Saturday, March 8, 2008

Slapping Kids, Throwing Shoes, and No I'm Not From China

I was thrown by the matter-of-fact delivery Tony used to tell me how his father had been killed by police in his home country of Burma.

Uncharacteristically, I didn't know what question to ask.

I wanted to know the whole story, but Tony stood before me so awkwardly, as if I were forcing him to stand there naked.

So, I talked to him about his life in Goa instead and how it was pretty relaxed and pretty fun. I felt happy for him that despite this awful tragedy, he had made his way to this town in which people seemed to be all about a good time.

As I write this it reminds me of something the night desk clerk said to me after I looked at him as if he were out of his mind after asking if he could come back to my room with me.

He said, "You can learn a lot by getting to know more people. Like about business. And sex."
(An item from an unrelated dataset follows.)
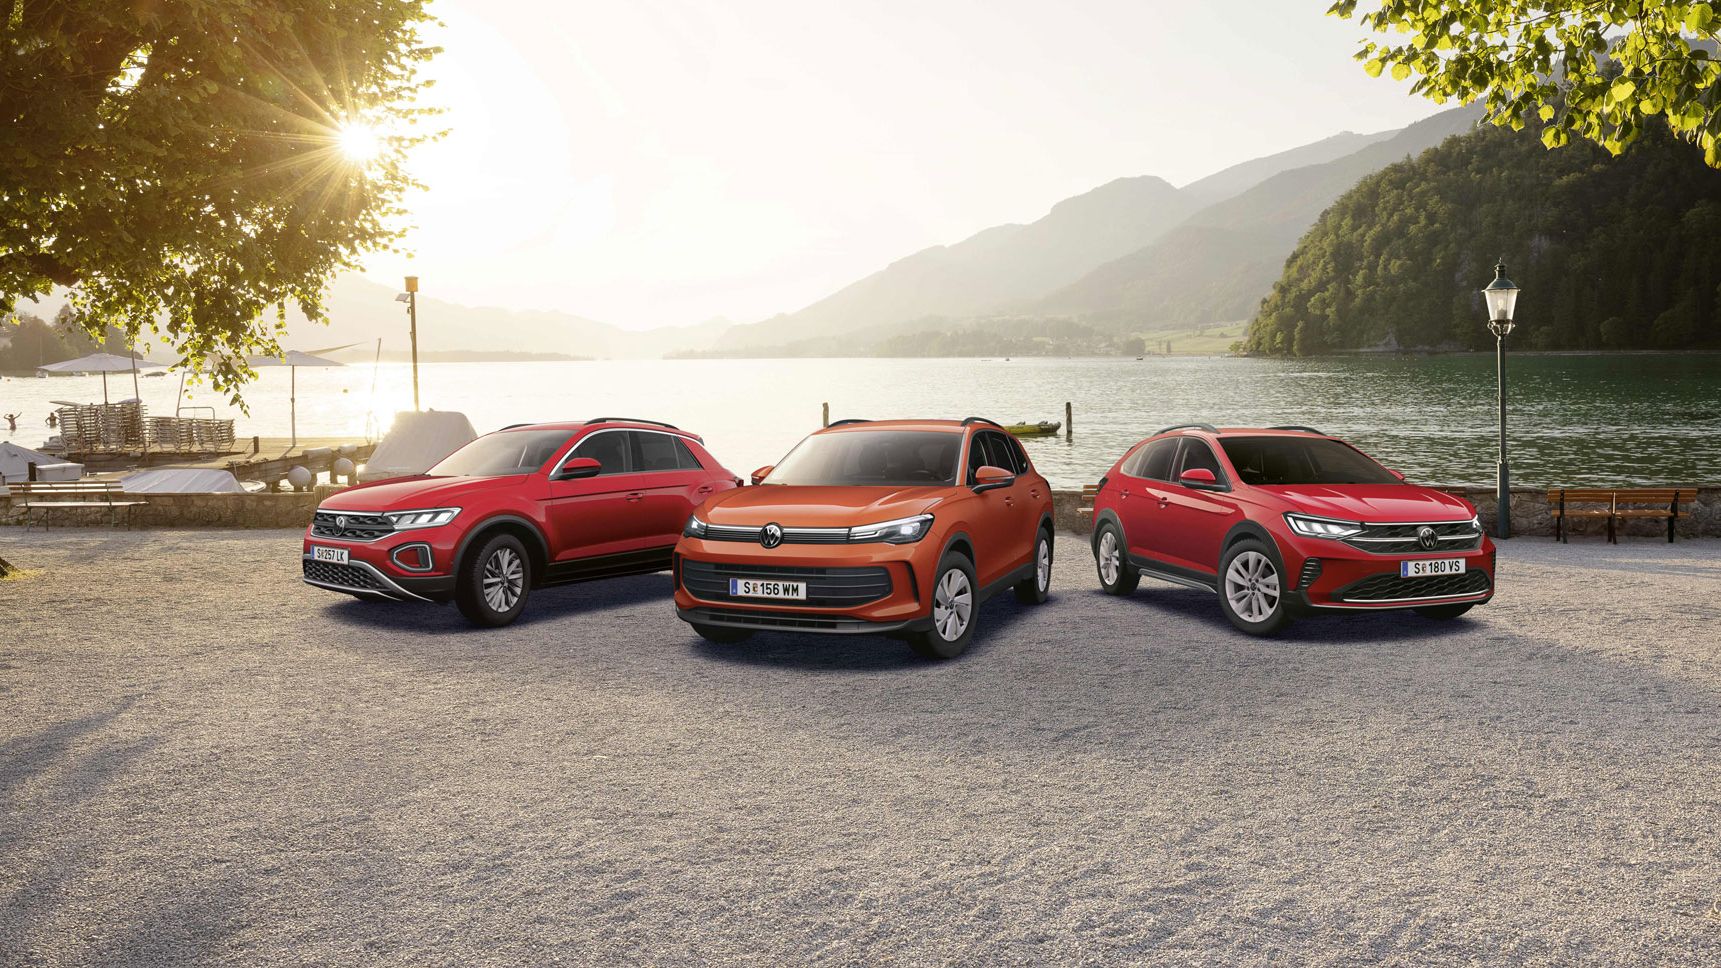 Die Volkswagen Friends Sondermodelle stehen geparkt vor den Wolfgangsee

I was getting a lecture on how I should be more outgoing from a sociopath.

Classic.

So, I saw that it was time to leave Goa as I saw Vinesh heading up the walk toward me. I got into his taxi van with the plastic bald eagle with flappy wings hanging from the rear view mirror.

As we made the drive to the Goa airport, I was pretty speechless as the rash was gaining in intensity and Vinesh was talking about all of the girls who had proposed marriage to him.

I was afraid that by the time it was time to board the plane, I'd look like frickin' Joseph Merrick and they'd put me in quarantine with some rabid monkeys.

Once at the airport, I thanked Vinesh for his excellent driving services and headed into the crowded terminal. I checked in and asked if there was a clinic at the airport. I was seriously starting to believe that I had some tropical disease. The agent told me that there was a doctor on duty right now and point at the little office just 50 feet away. I was thrilled.

I headed over to the office and the doctor and nurse looked up from their desks, stunned that someone was actually in the office. I said, "I have a horrible rash, can you help me?"

The doctor said, "You realize that this office is only for emergency conditions, right?"

I said, "For a person as vain as I am, this is an emergency!" Well, actually, I said, "It doesn't look like you have any emergencies going on right now - can you just take a look at it?"

He glanced at it for a second, with barely one eye, and told me I had a bad sunburn and that he didn't have any medications to treat it.

For the first time in the last two weeks, I felt like I was in the U.S. again!

I was resigned to my fate of sitting on planes and in airports for the next 24 hours with a horrible rash on my face and arms, which was slowly moving to my torso and legs.

I stood outside the doctor's office for a minute, dazed, only to see a little boy accidentally push a luggage cart into the back of his mother's ankles. She whipped her body around and slapped him. Then she looked at me like, "What are you looking at?"

It reminded me of the time I was walking around North Beach with some friends as the strippers were getting off of work and my eyes locked quite randomly with one of them who probably had one bad client too many that night and yelled, "What are you looking at?" and threw her shoe at me.

I was very lucky to be with about 10 Assyrians at the time, so no harm was done.

It also reminds me of the time I was wandering around in TJ Maxx in San Jose and a father and son were wandering around too. The son, who was around 7 years old, started running down an aisle and a worker told him to stop running. So the father went up to the son and slapped him, only to immediately whisper to him -- "It's okay. It's okay."

This was very strange -- but understandable at the same time. The father had to show the worker that he corrected his son's behavior by store standards -- but he also had to tell his son that he didn't really agree with those standards.

As I rode the crowded bus from the terminal to the plane, which would take me back to Hyderabad, I realized that I was standing face-to-face with the mother who had slapped her son. She was now smiling at me. Her whole family was smiling at me. I got paranoid and thought that maybe they were laughing at my rash. But then her daughter said, "You are pretty. Are you from China?"